Komutan, “Bunları bana açıkladığını hiç kimseye söyleme” diye uyardıktan sonra genci salıverdi.
23 Niki a yo ye ni kpama, bi lokpa Roma ha, nda tre, “Vu Soja deri ha nda du ba mla ki wu hi gban tsra ni Kasariya, baba bi hon nkma Sabain (Seventy) ngame mba indji deri ha bi ta wyen. Bi lu ku nkon ni nton wu tra ni chu luwa.”
Komutan, yüzbaşılardan ikisini yanına çağırıp şöyle dedi: “Akşam saat dokuzda Sezariye'ye hareket etmek üzere iki yüz piyade, yetmiş atlı ve iki yüz mızraklı hazırlayın.
24 A yo tre bawu ngame duba nu nma wu zren wa Bulus ni hon nda njiwu hama ni ya hi nu Gona Felix.
Ayrıca Pavlus'u bindirip Vali Feliks'in yanına sağ salim ulaştırmak için hayvan sağlayın.”
25 Niki a nha ni vunvu to yi:
Sonra şöyle bir mektup yazdı: “Klavdius Lisias'tan, Sayın Vali Feliks'e selam.
26 Claudius Lysias hi ni wa azan Gomna Felix, mi chiwu.
27 Yahudawa bana vu iguyi lo nda ta wuu kimba ri mi wru sru ni sojoji ndi ka kpaachuwo, nitu mi wo ndi a hi indjui wu meme Roma.
Bu adamı Yahudiler yakalamış öldürmek üzereydiler. Ne var ki, kendisinin Roma vatandaşı olduğunu öğrenince askerlerle yetişip onu kurtardım.
28 Mita son to kaa a hi ngye ba heni wu nituma, niki mi banw grji ka nu bison bi ninkon.
Kendisini neyle suçladıklarını bilmek istediğim için onu Yahudiler'in Yüksek Kurulu'nun önüne çıkarttım.
29 Mi ye wo ndi basi tsrau nitu du mba, i ndana he ni kpe wa ba vuu nu bi lo, duba wuu ko ka yoo ni kotro na.
Suçlamanın, Yahudiler'in yasasına ilişkin bazı sorunlarla ilgili olduğunu öğrendim. Ölüm ya da hapis cezasını gerektiren herhangi bir suçlama yoktu.
30 Niki ba ye bwu bla nimu ndi ba zontu wu ti meme nitu igu'a, niki hari mi tru ye niwu ndi yo tre ni biwa ba heni kpe nituma duba nji kpe wu lo a ye ni shishi me. Son pian me.”
Bana bu adama karşı bir tuzak kurulduğu bildirilince onu hemen sana gönderdim. Onu suçlayanlara da kendisiyle ilgili şikâyetlerini sana bildirmelerini buyurdum.”
31 Sojoji ba ba ba hu tre gbangban wa ba yo bawua. Ba ban Bulus nda niwu ni chua hi ni Anti patris.

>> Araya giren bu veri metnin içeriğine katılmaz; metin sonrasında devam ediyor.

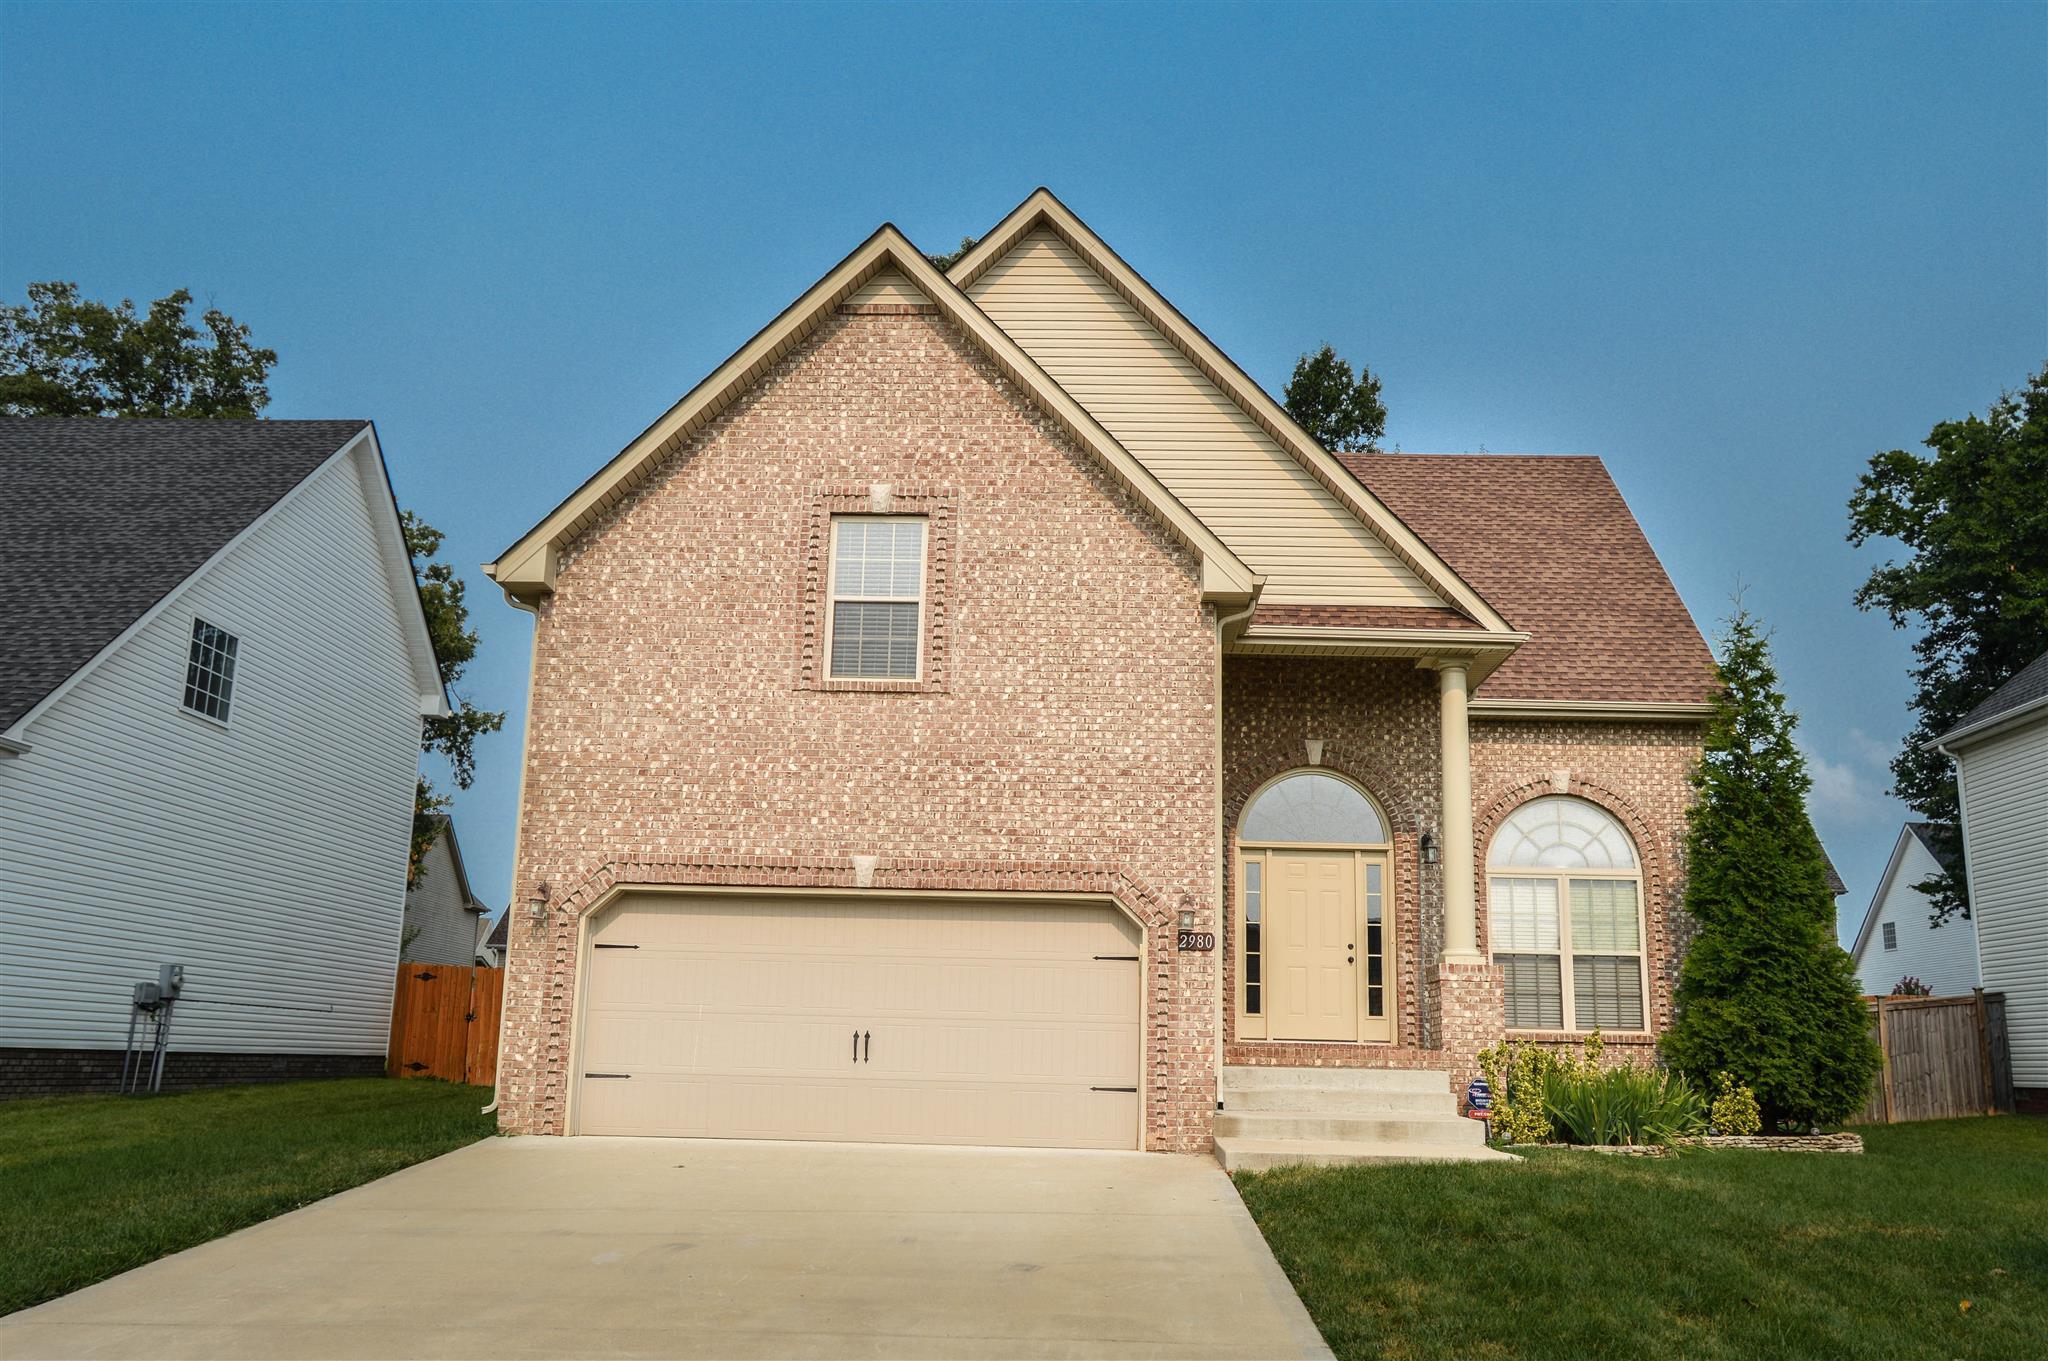 2980 Brewster Dr, Clarksville, TN 37042 - Clarksville, TN real estate listing

Askerler, kendilerine verilen buyruk uyarınca Pavlus'u alıp geceleyin Antipatris'e götürdüler.
32 Ni vi waaka hua, gbugbu sojoji babadon bi hon nkma ba duba niwu hi, i baba ba kma hi ni bubu mla bi son gbangban.
Ertesi gün, atlıları Pavlus'la birlikte yola devam etmek üzere bırakarak kaleye döndüler.

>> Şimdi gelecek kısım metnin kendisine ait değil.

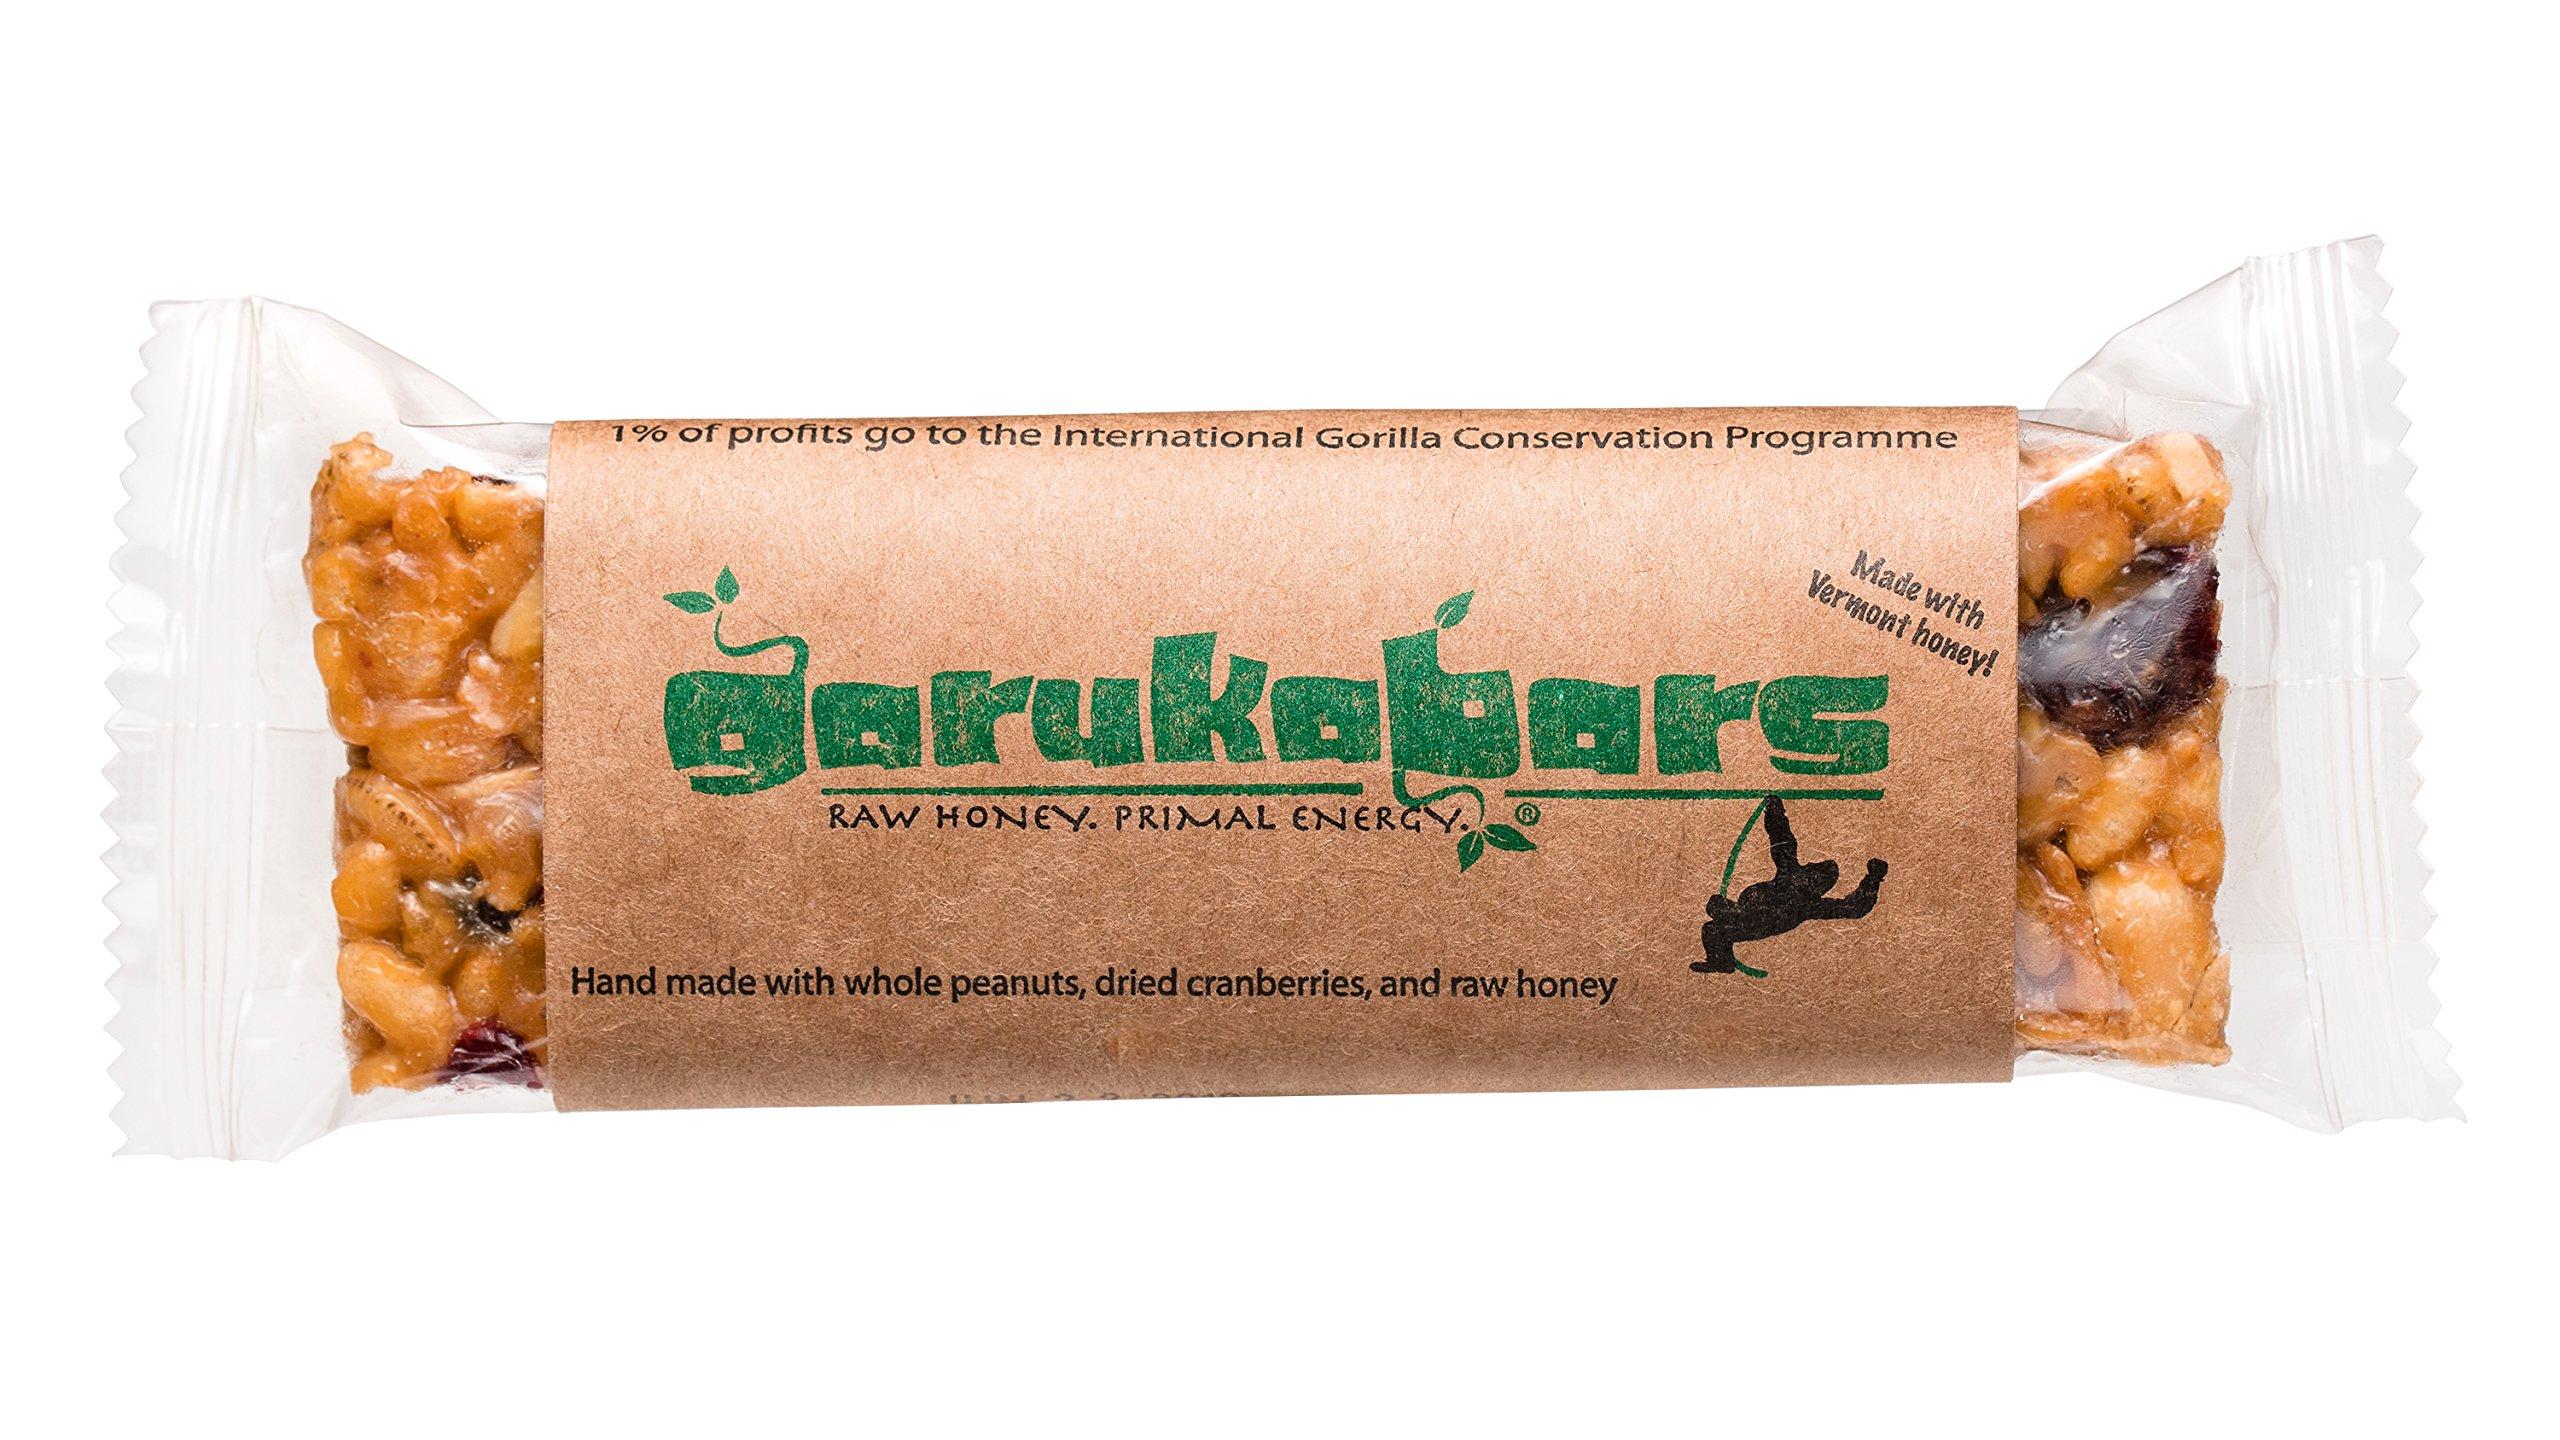 Garuka Bars Energy Bar - Handmade with Raw Honey - 100% Recyclable Packaging - 20 Pack

33 Niwa bi hon nkma baka ri ni Kasariya nda ka nu vunvua ni gomn, ba ka Bulus nuu ngame.
Atlılar Sezariye'ye varınca mektubu valiye verip Pavlus'u teslim ettiler.

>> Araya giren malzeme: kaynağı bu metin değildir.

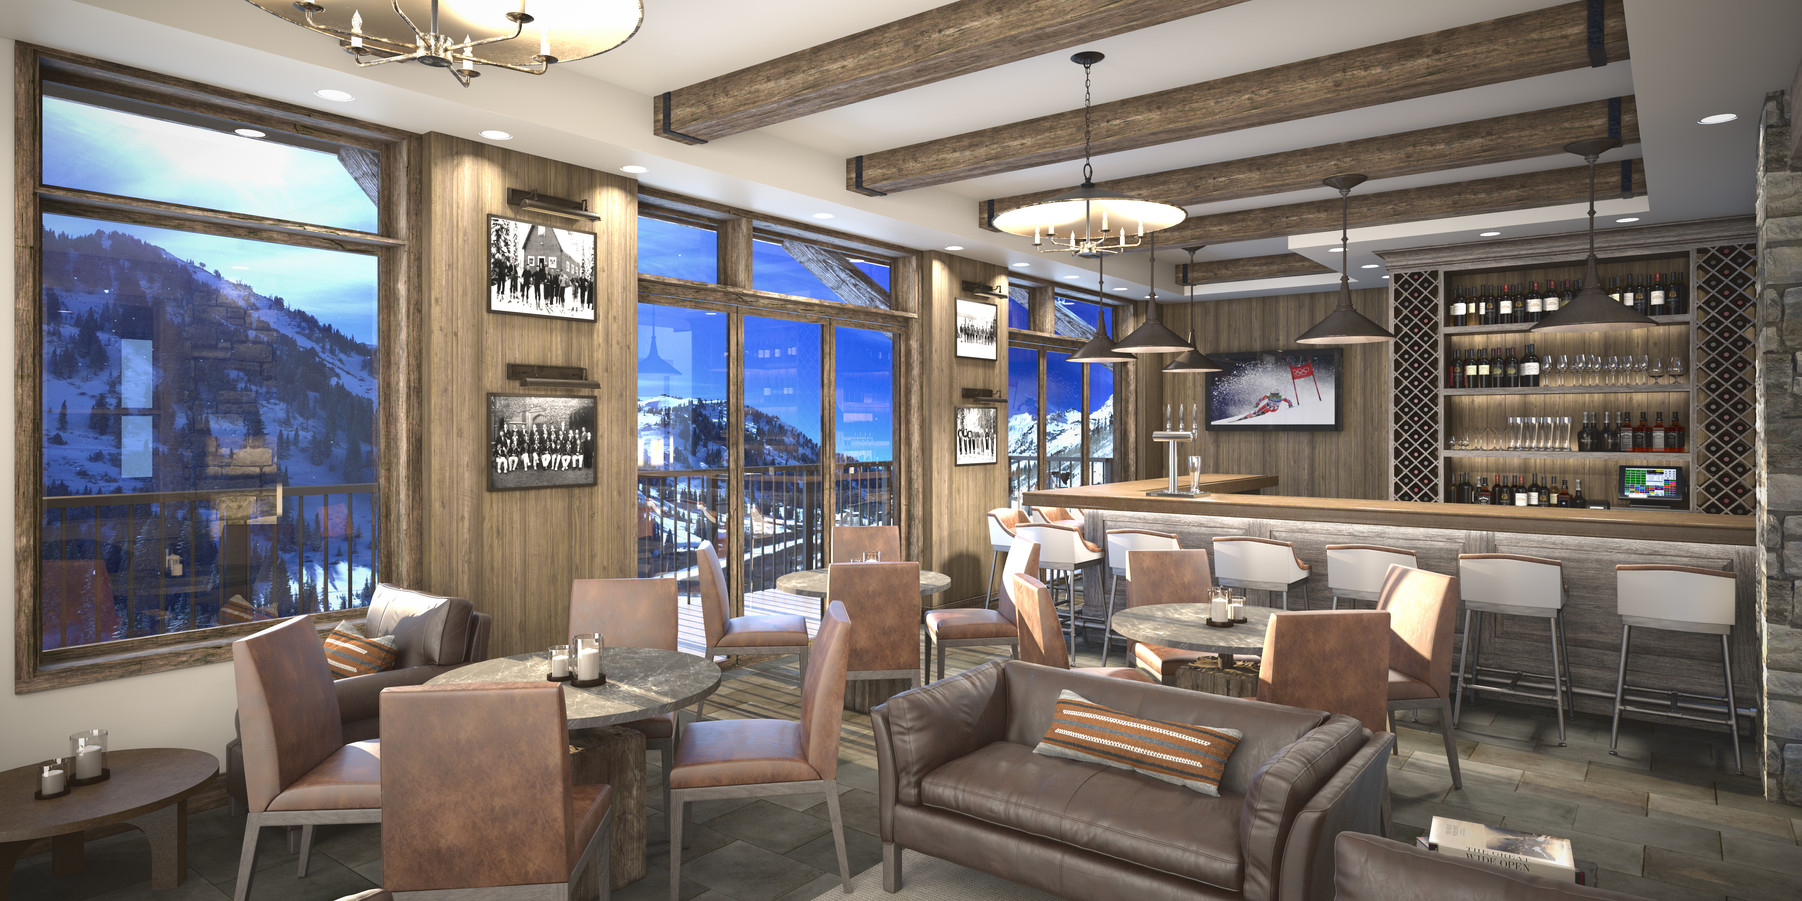 The Snowpine Lodge Bar

34 Niwa Gomna a bla vunvua, a mye ka Bulus rhini grji rime. Niwa a wo ndi a rhi ni Cilicia,
Vali mektubu okuduktan sonra Pavlus'un hangi ilden olduğunu sordu. Kilikyalı olduğunu öğrenince, “Seni suçlayanlar da gelsin, o zaman seni dinlerim” dedi. Sonra Pavlus'un, Hirodes'in sarayında gözaltında tutulması için buyruk verdi.
35 a tre ndi, “Bi tsro wo nitu me bata ye niwa, mi mla wowu, “Niki a yo tre zi gbangban ndi du ba hi ziu ni ko gomnati wu Herod.